WHAT NEEDS TO BE DONE
Give again, unaltered, the line with "四川省足球协会、四川工业科技学院携手共建足球竞训基地" and all lines that follow it in the listing below, minus any pictures.

INPUT DATA
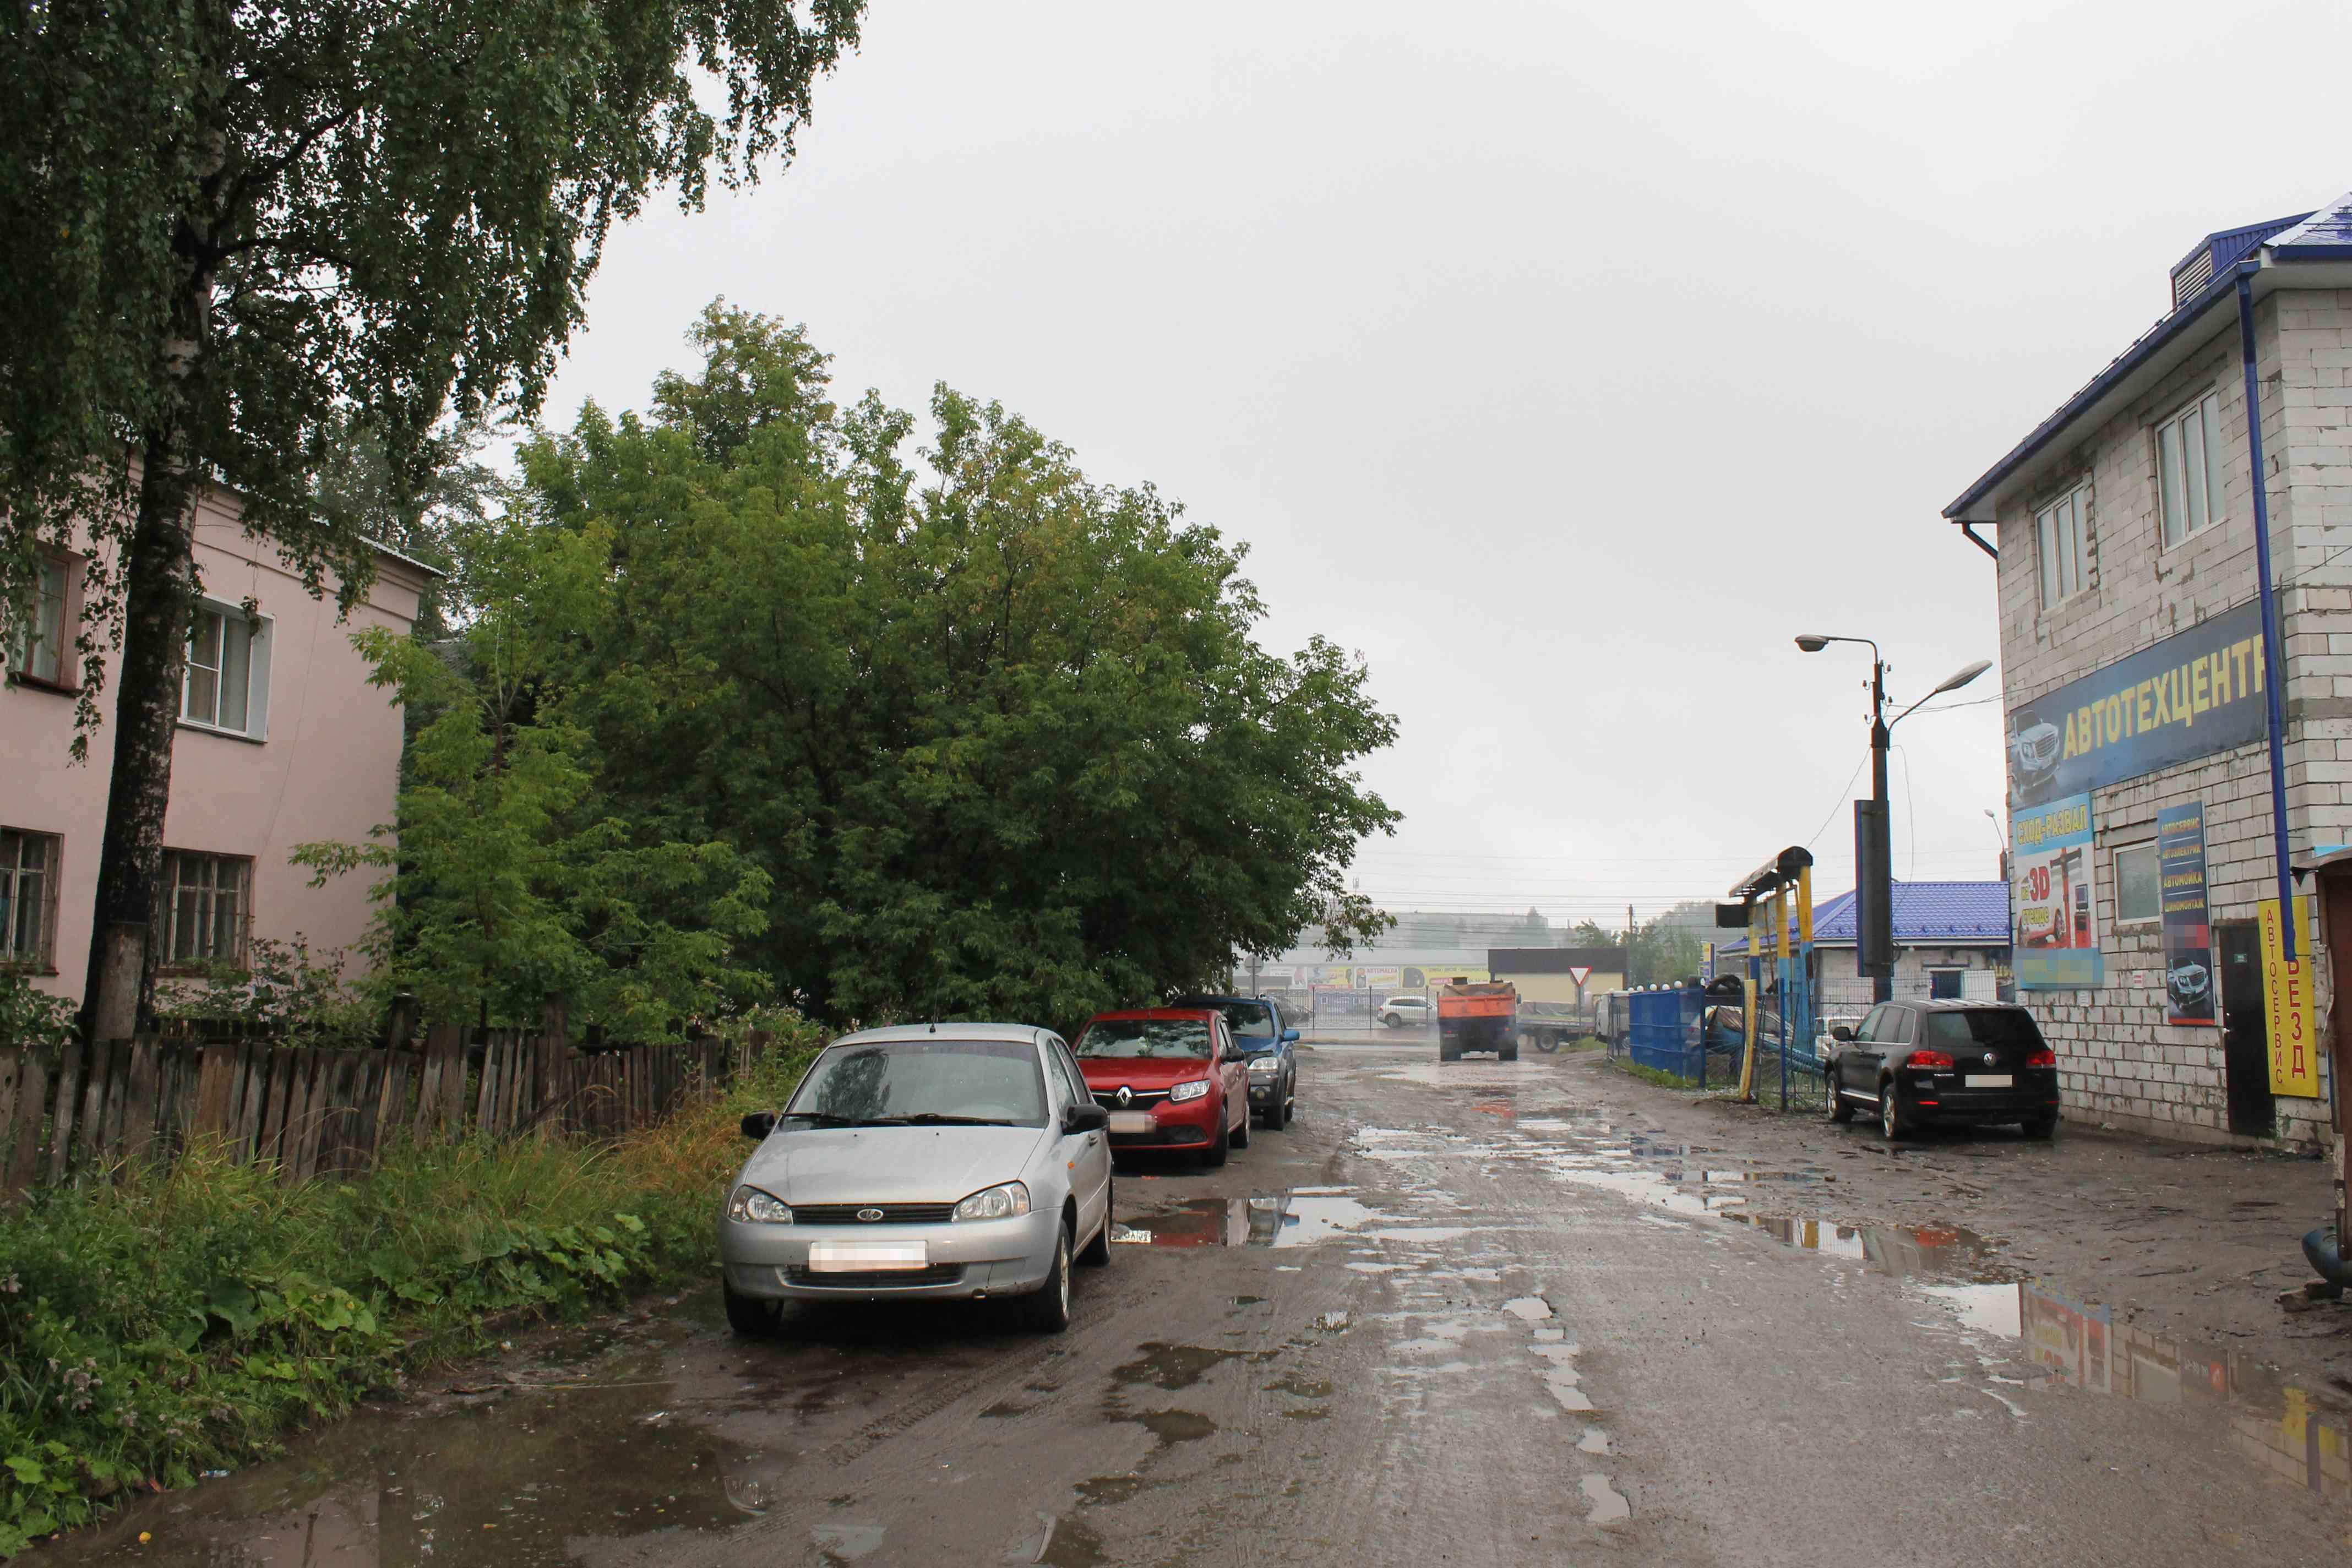 ОНФ: одна из крупных автомоек в Кирове работает незаконно
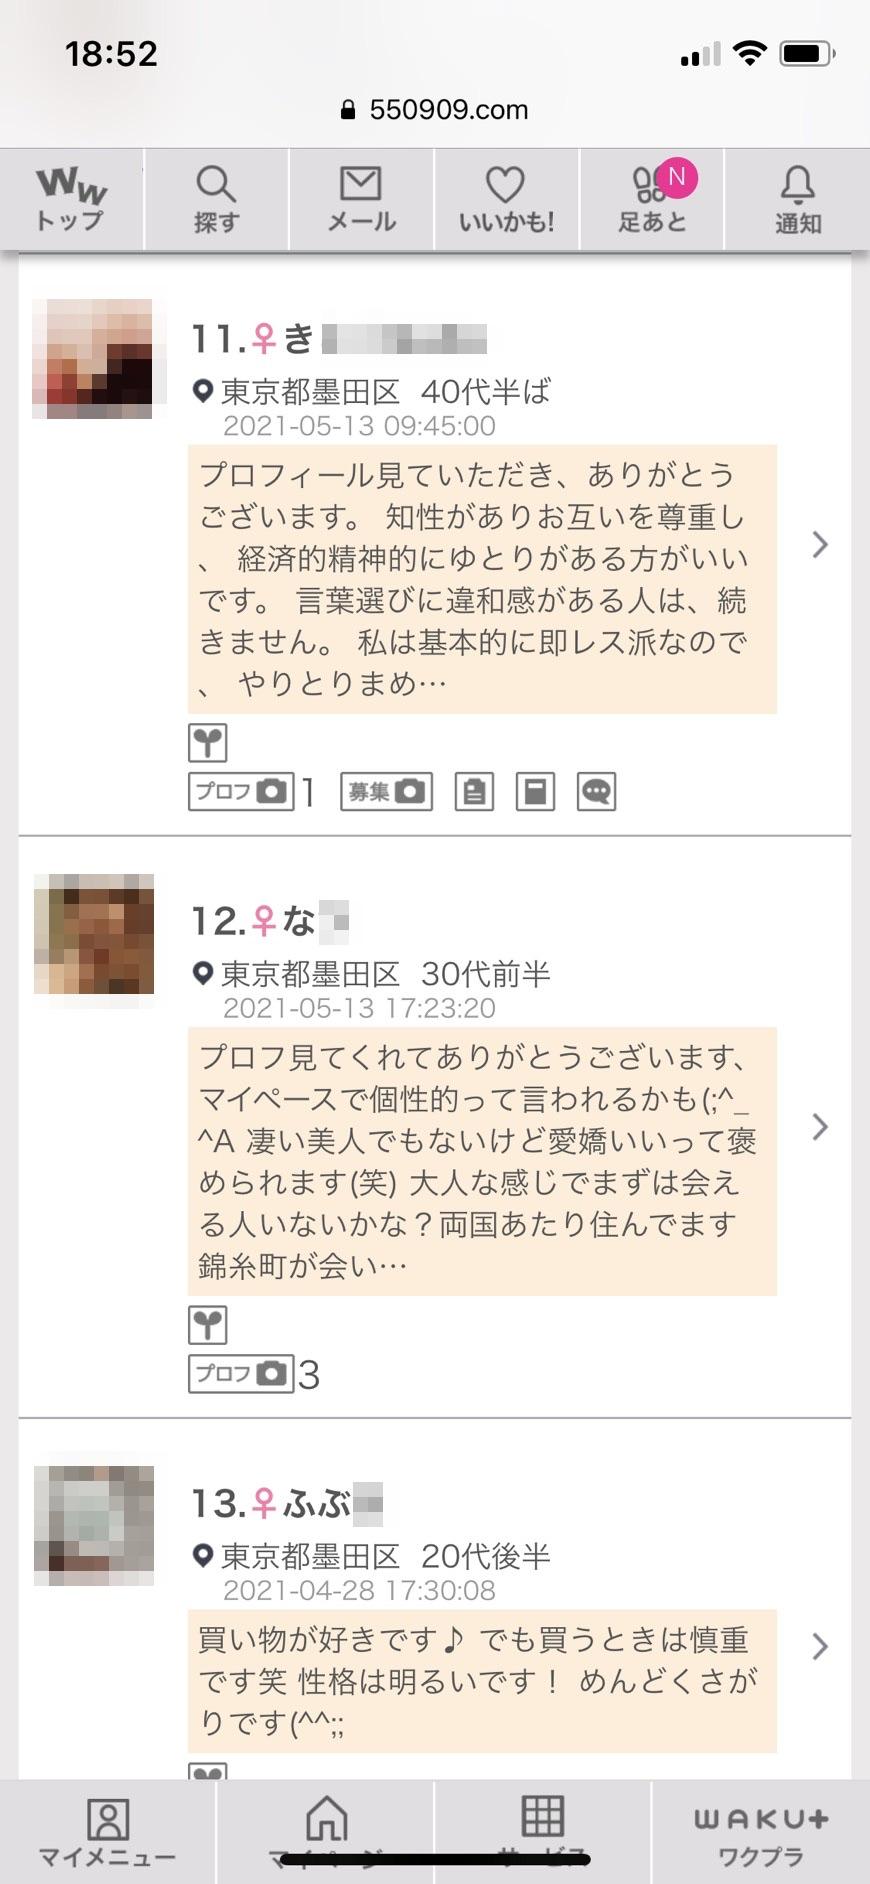 錦糸町・出会い希望(ワクワクメール)
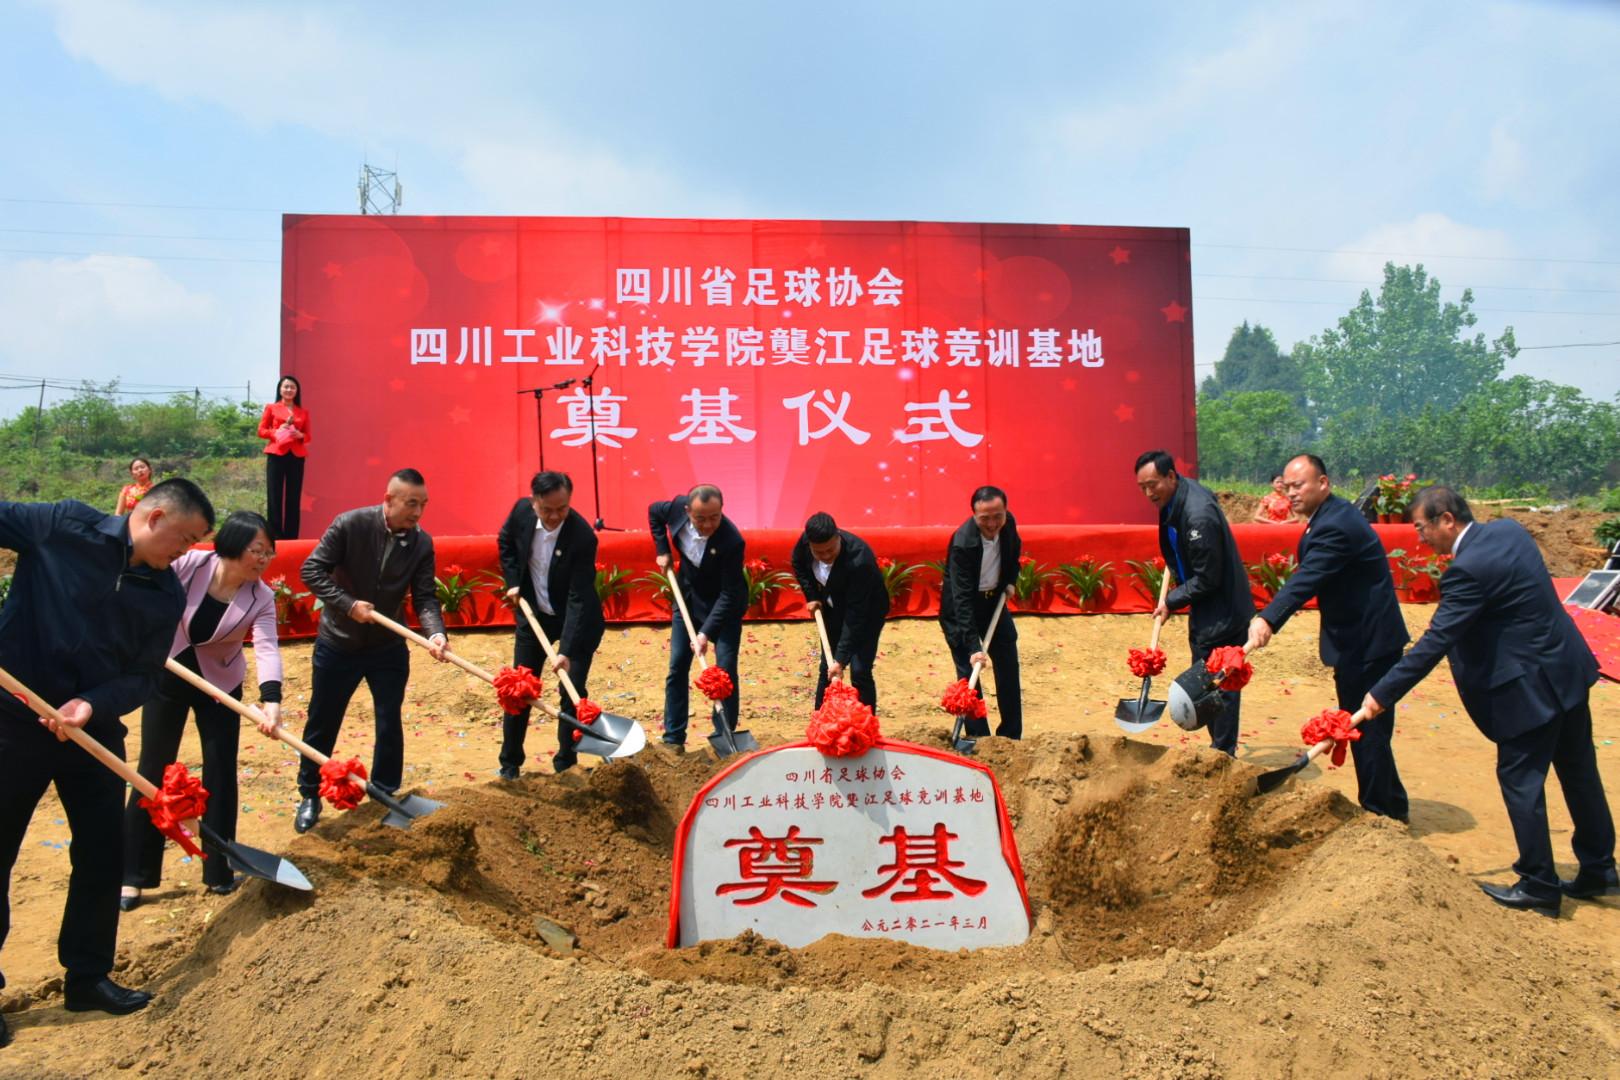 四川省足球协会、四川工业科技学院携手共建足球竞训基地
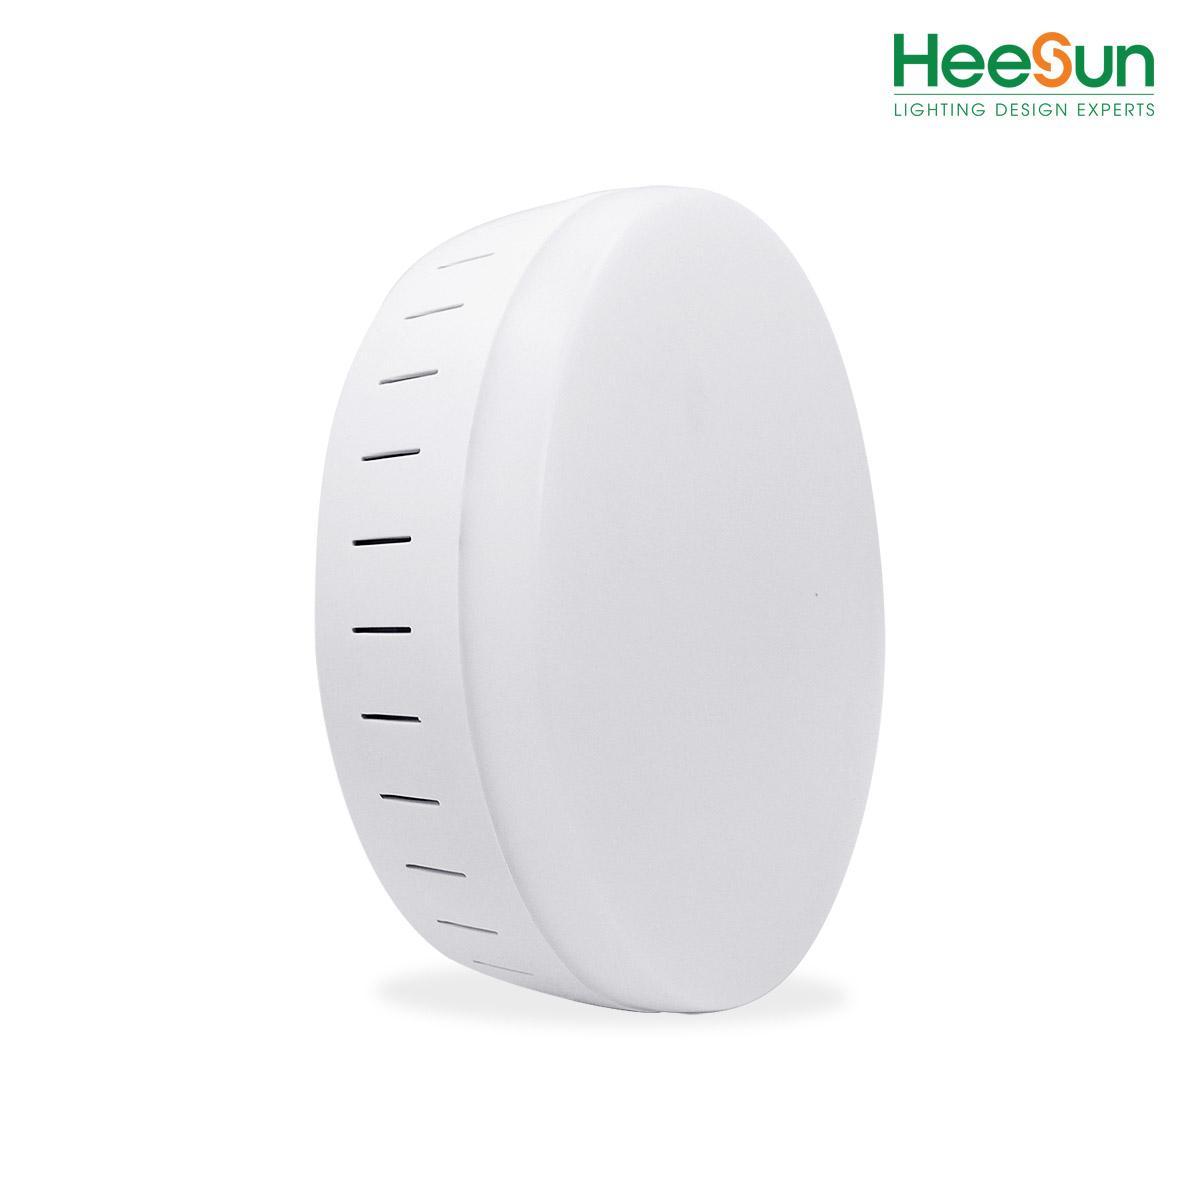 Mắt đèn Led Luxury loại 6 HS-BB012 - HEESUN VIỆT NAM

ANSWER BOX
 四川省足球协会、四川工业科技学院携手共建足球竞训基地
 Mắt đèn Led Luxury loại 6 HS-BB012 - HEESUN VIỆT NAM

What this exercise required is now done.